Даже сама реальность относительна к схеме: то, что считается реальным в одной системе понимания, может не считаться таковым в другой.
Д. Дэвидсон
Посмотрим еще раз на процитированный выше тезис Бурдьё:
Следовательно, столица не может мыслиться иначе, как в отношении с провинцией, которая не располагает ничем иным, кроме лишения (относительного) и столичности, и капитала.
«Не может мыслиться иначе» здесь – ключевое высказывание. Действительно, нельзя сказать «столица» и не сказать «провинция», без одного не может быть другого. Но, согласившись с тем, что «столица» не может мыслиться в отрыве от «провинции», мы только что автоматически согласились с тем, что «провинция» не может мыслиться иначе как «лишенная столичности и капитала». Создание видимости отсутствия альтернатив – проверенный, но весьма ущербный ход, к которому главный архитектор Бурдьёполиса прибегает по нескольку раз в каждой книге. Вспомним еще одно процитированное выше высказывание:
То пространство, в котором мы обитаем и которое мы познаем, является социально размеченным и сконструированным. Физическое пространство не может мыслиться в таком своем качестве иначе (курсив мой. – В. В.) как через абстракцию (физическая география), т. е. игнорируя решительным образом все, чему оно обязано, являясь обитаемым и присвоенным.
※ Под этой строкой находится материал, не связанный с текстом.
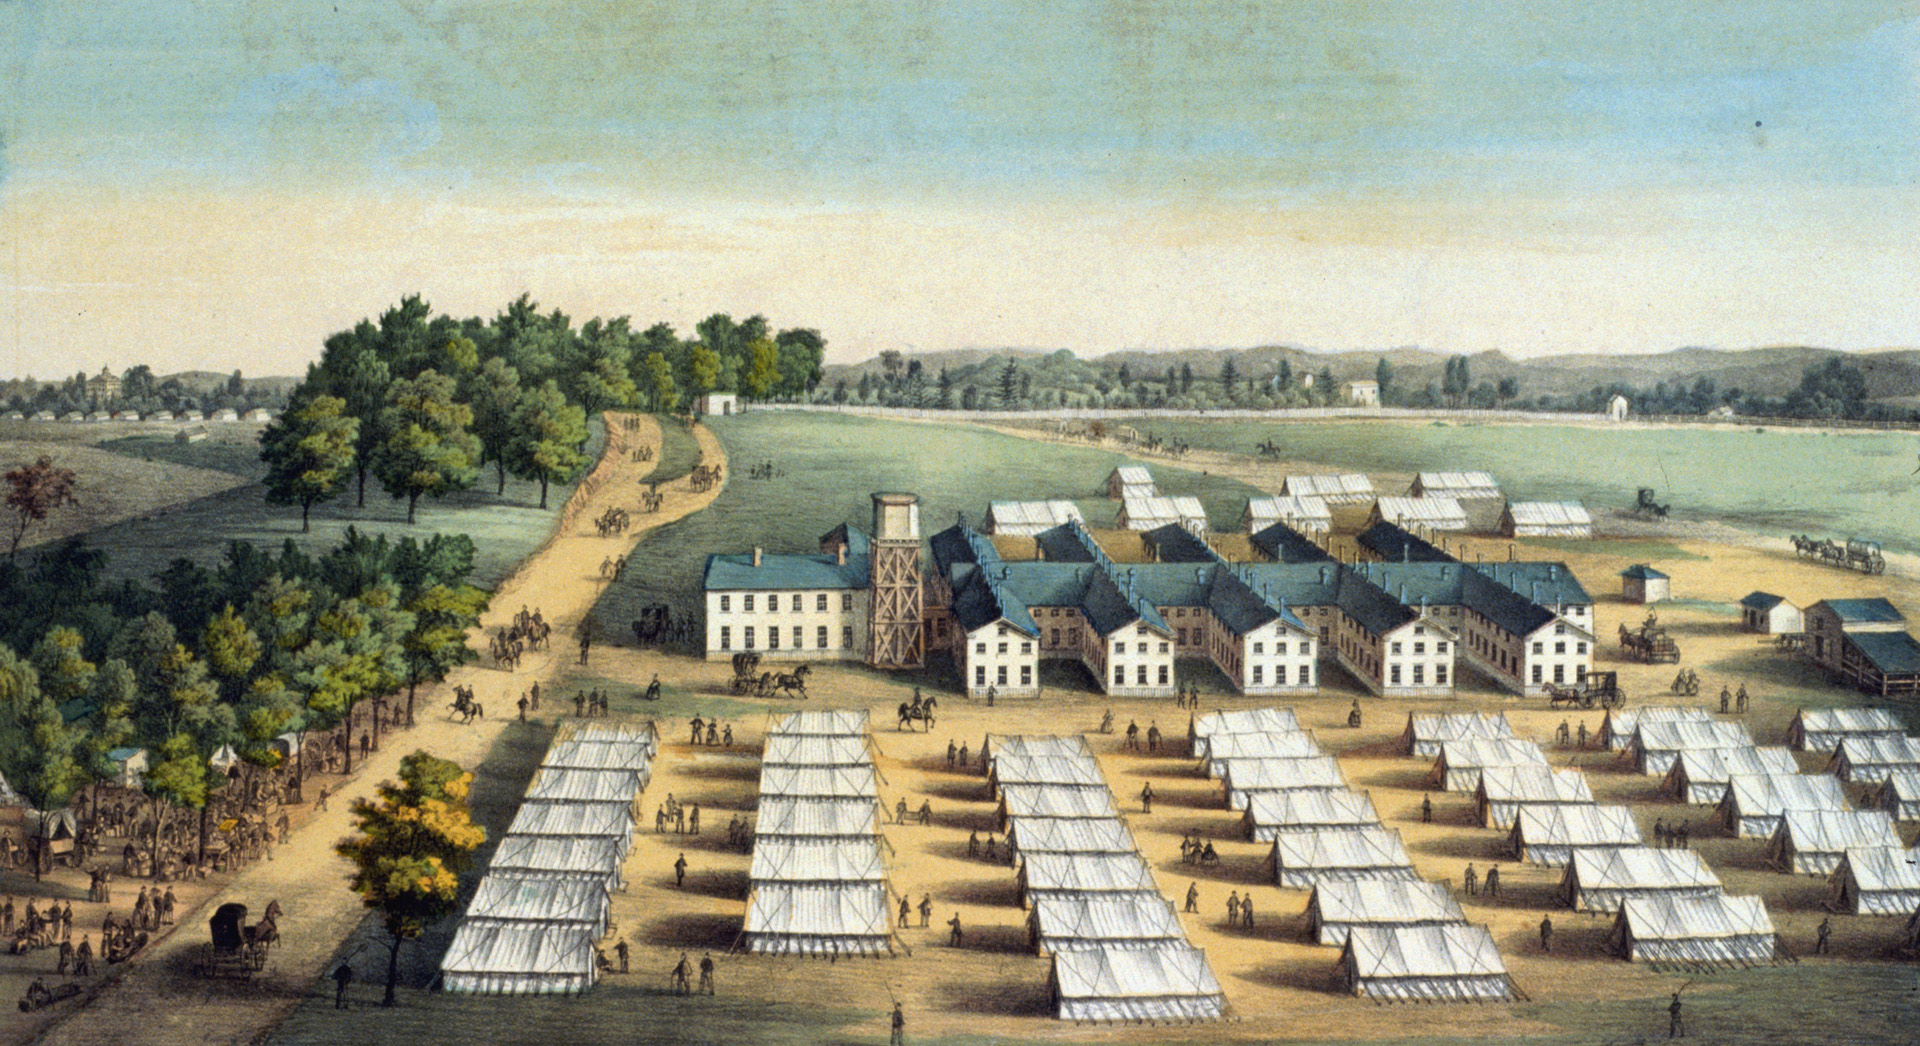 A misleadingly bucolic image of Mount Pleasant Hospital in Washington. Tents in the foreground held overflow patients. In all, there were 35 army hospitals in the nation’s capital.

Но что значит «не может мыслиться иначе»? Прежде всего, то, что между объектом (городом) и его концептуализацией (социальное пространство, объективированное в пространстве физическом) существует необходимая связь. Тезис о необходимости – это очень сильное, однако неубедительное заявление. Мы видели, как отбираются конститутивные концепты, видели, как происходит «прошивка» концептуализации на второй орбите – за каждым ходом в этой теоретической партии стоит именно что выбор.
Значит ли это, что концепты могли бы быть вообще любыми? И следовательно, отношения между городом и его концептуализацией – это отношения случайные, произвольные, ничем не обусловленные? Нет. Тезис о случайности еще хуже тезиса о необходимости. Потому что тогда между метафорой «Город как театр военных действий» и метафорой «Город как гусь» нет никакой разницы.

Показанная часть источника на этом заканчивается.